L’année 1645 fut celle d’une grande perte pour la musique anglaise. En pleine guerre civile, William Lawes est tué le 24 septembre lors du siège de Chester, bastion défendu par les royalistes fidèles à Charles Ier, où il avait été assigné à une position militaire sécurisée. La mort à 43 ans du petit frère d’Henry Lawes fut à juste titre perçue comme une tragédie par le monde musical de l’époque comme l’attestent plusieurs poèmes de Robert Herrick, Robert Heath ou encore John Tatham. Celui-ci, 5 ans après la mort du compositeur, écrit dans Ostella (1650) : « Who says Will Lawes is dead ? Had not his breath virtue enough to charm the Spleen of Death ? ».
C’est à partir des années 1630 que William Lawes compose la plus grande partie de son œuvre de musique de chambre lorsqu’il est intégré à la vie de la cour par l’entremise de son frère, obtenant en 1635 le poste de chanteur et luthiste de la musique du Roi. Son œuvre est traversée d’éclairs de génie, admirés aujourd’hui des violistes. Ses fantaisies pour 5 et 6 violes sont une référence pour tout le répertoire de consort de violes de gambe. William Lawes compose aussi la musique de plusieurs pièces de théâtre et Masques comme The Triumph of Peace et ses célèbres Royal Consorts intégrant notamment deux parties de théorbe. Tout au long de sa courte et brillante carrière de musicien, l’œuvre de William Lawes étonne par son audace harmonique et contrapuntique, proposant une synthèse entre le style polyphonique élisabéthain hérité des compositeurs de la Renaissance, la Seconda Pratica venue d’Italie et accompagnée de la basse continue ou bien encore la Suite de danses françaises. Assez peu connue aujourd’hui du grand public, elle resplendit par son inventivité et le choix des formations retenues. Ses Harp Consorts, probablement composés pour le cadre privé du Roi qui comptait dans ses rangs plusieurs harpistes, illustrent bien cet avant-gardisme et la créativité du compositeur, nous léguant l’une des premières partitions spécialement conçues pour la Harpe, accompagnée ici par la viole de gambe, le violon et le théorbe.

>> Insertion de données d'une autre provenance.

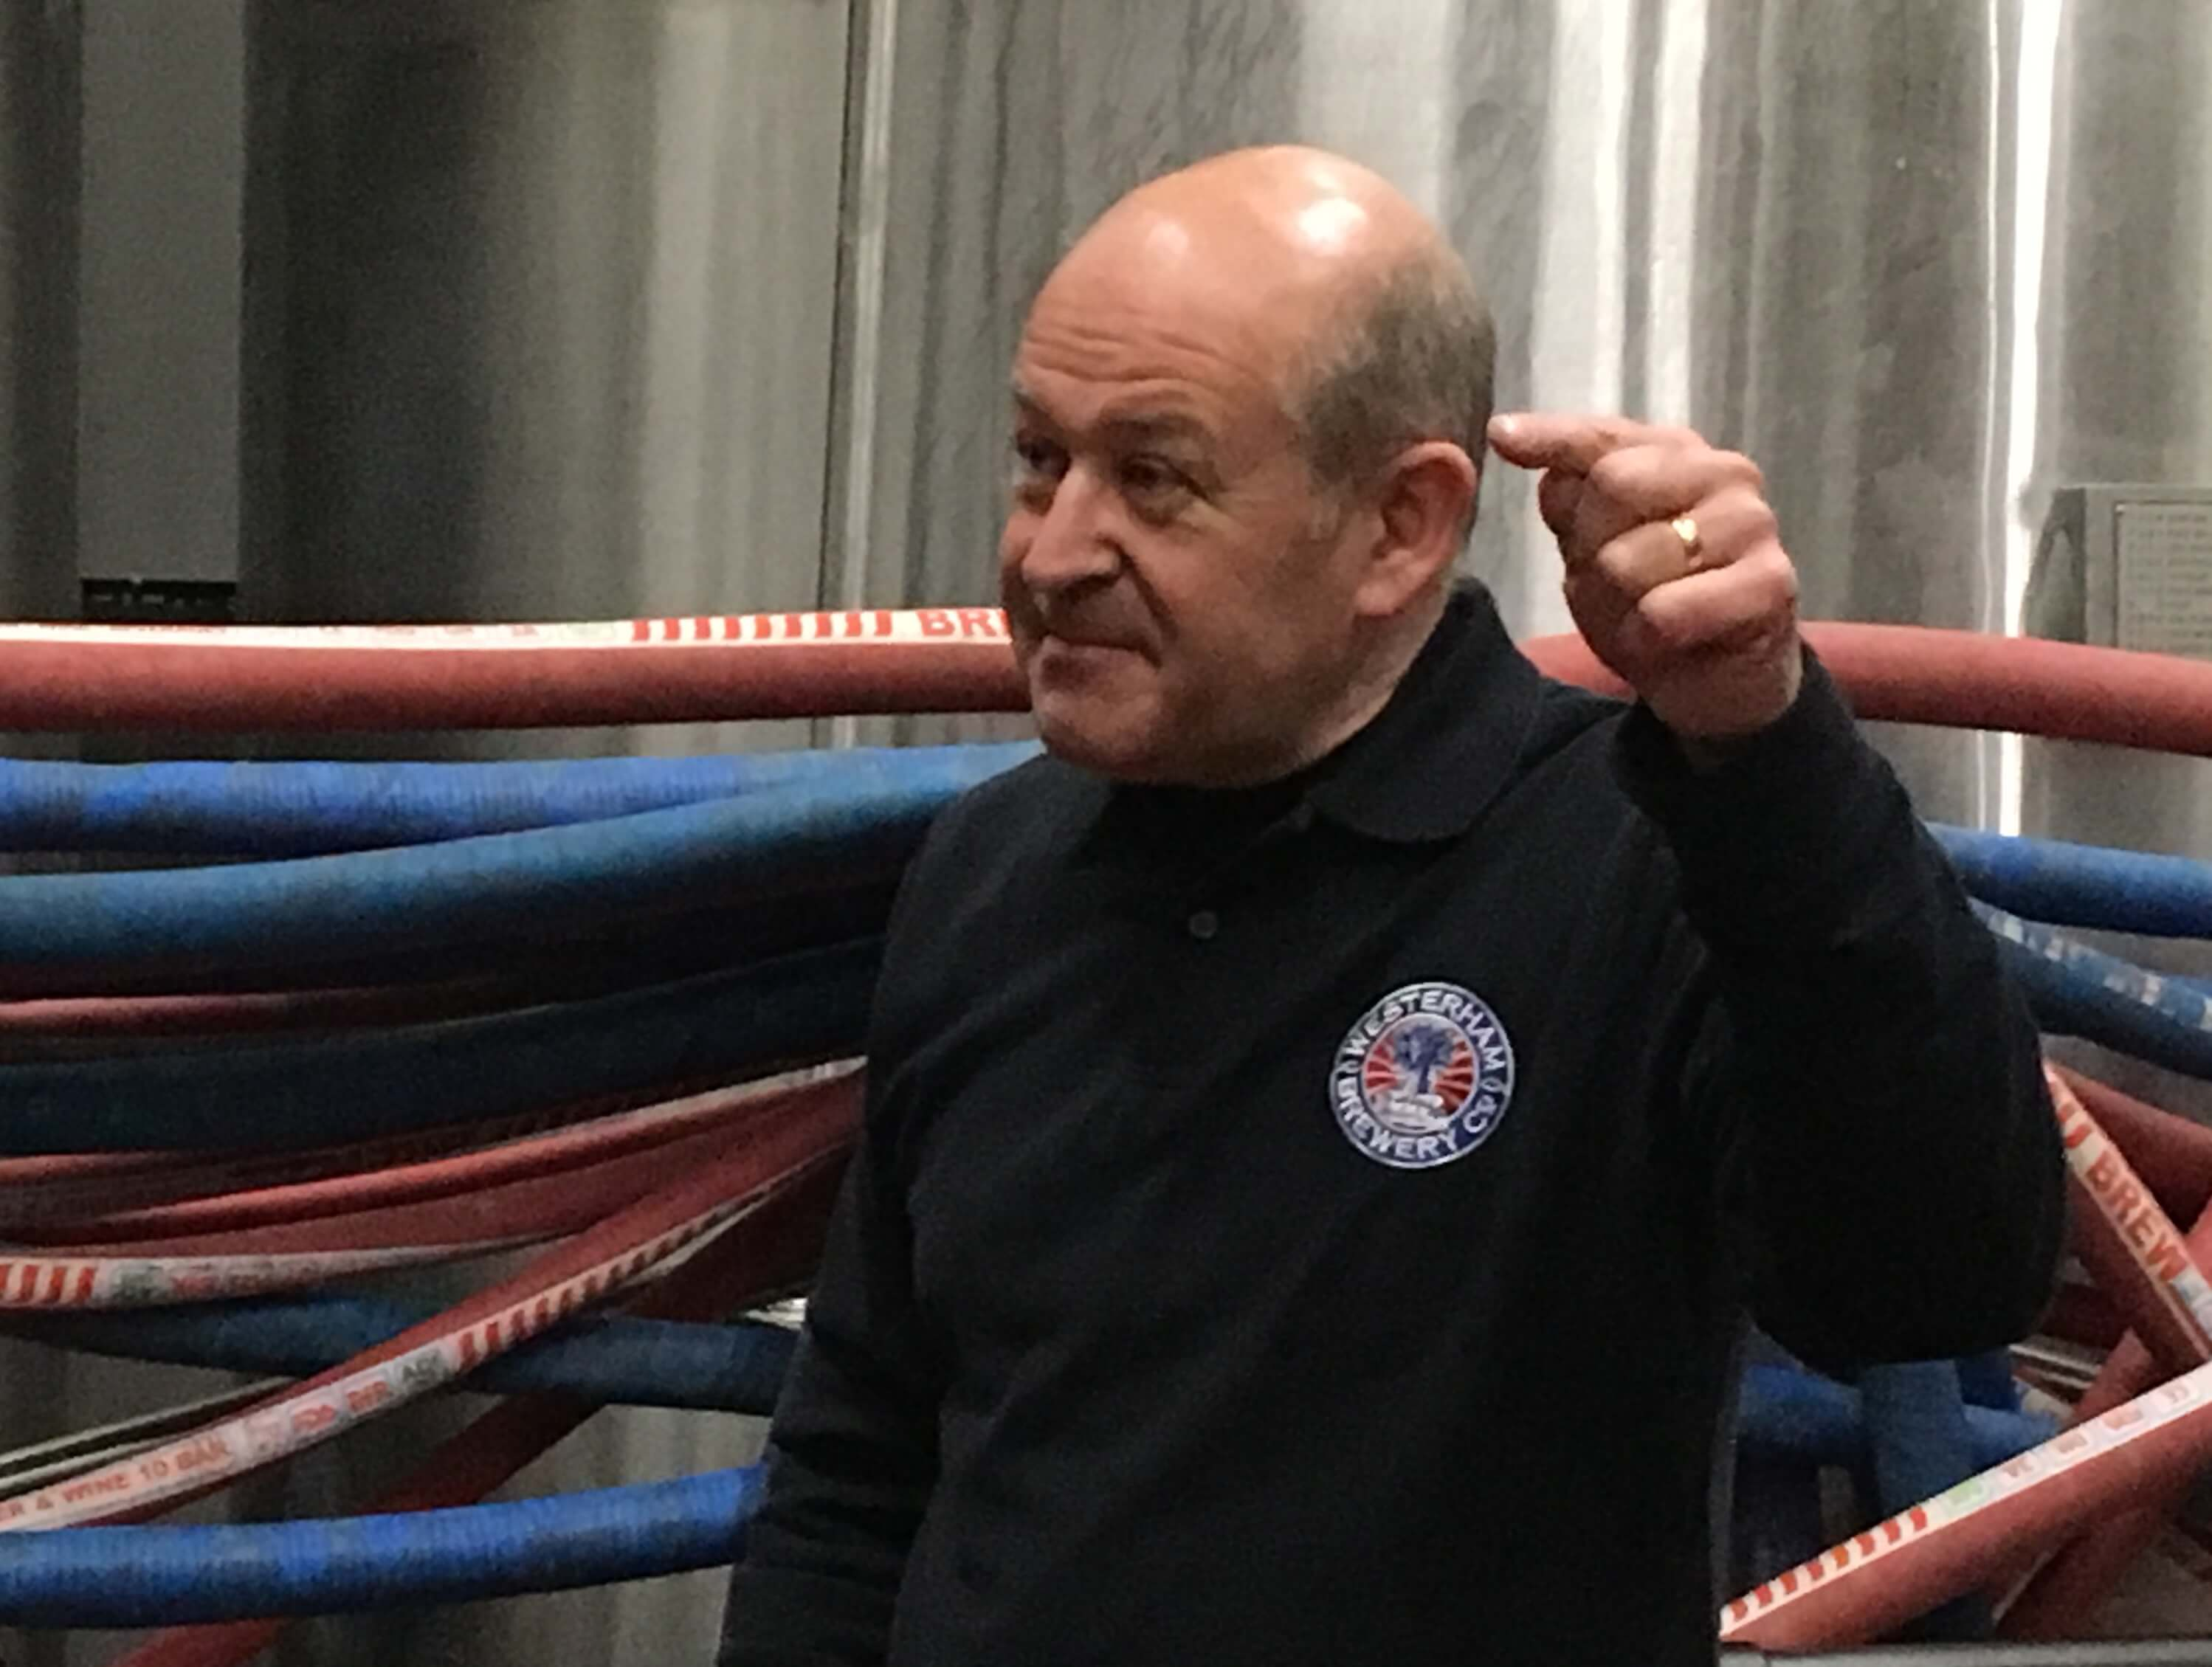 Robert Wicks - Westerham Brewery

Il est aujourd’hui difficile de savoir si l’œuvre était destinée à être jouée par une harpe triple ou par une harpe irlandaise chromatique car les deux instruments coexistaient à la cour.
Pour accompagner ces œuvres singulières, qui sont au centre de la nouvelle création de l’ensemble Près de votre oreille, nous avons choisi de présenter une partie encore moins connue de l’œuvre de William Lawes qui atteste bien du talent du musicien. Choice psalmes, publication posthume d’Henry Lawes en 1648, dévoile de sublimes psaumes mis en musique par son petit frère pour trois voix et basse continue. William Lawes ne fut jamais nommé Gentlemen of the Chapel Royal mais la nomination de son frère ainé à ce poste en 1626 lui permit probablement de faire entendre ses œuvres sacrées. Ces pièces n’ont aujourd’hui jamais été enregistrées et sont parfois d’une extravagance harmonique rare. L’élégie en hommage à John Tomkins, ou bien l’œuvre Judah in exile wanders illustrent particulièrement bien les libertés harmoniques prises par le compositeur pour servir une émotion puissante. Lighten mine eies, programme qui emprunte son titre à quelques vers extraits d’un psaume attribué au roi David (lui-même présumé harpiste), propose d’associer aux Harp consorts ces œuvres vocales passionnantes, injustement méconnues, qui semblent pouvoir nous toucher comme le fit la propre mort de William Lawes auprès de ses amis musiciens.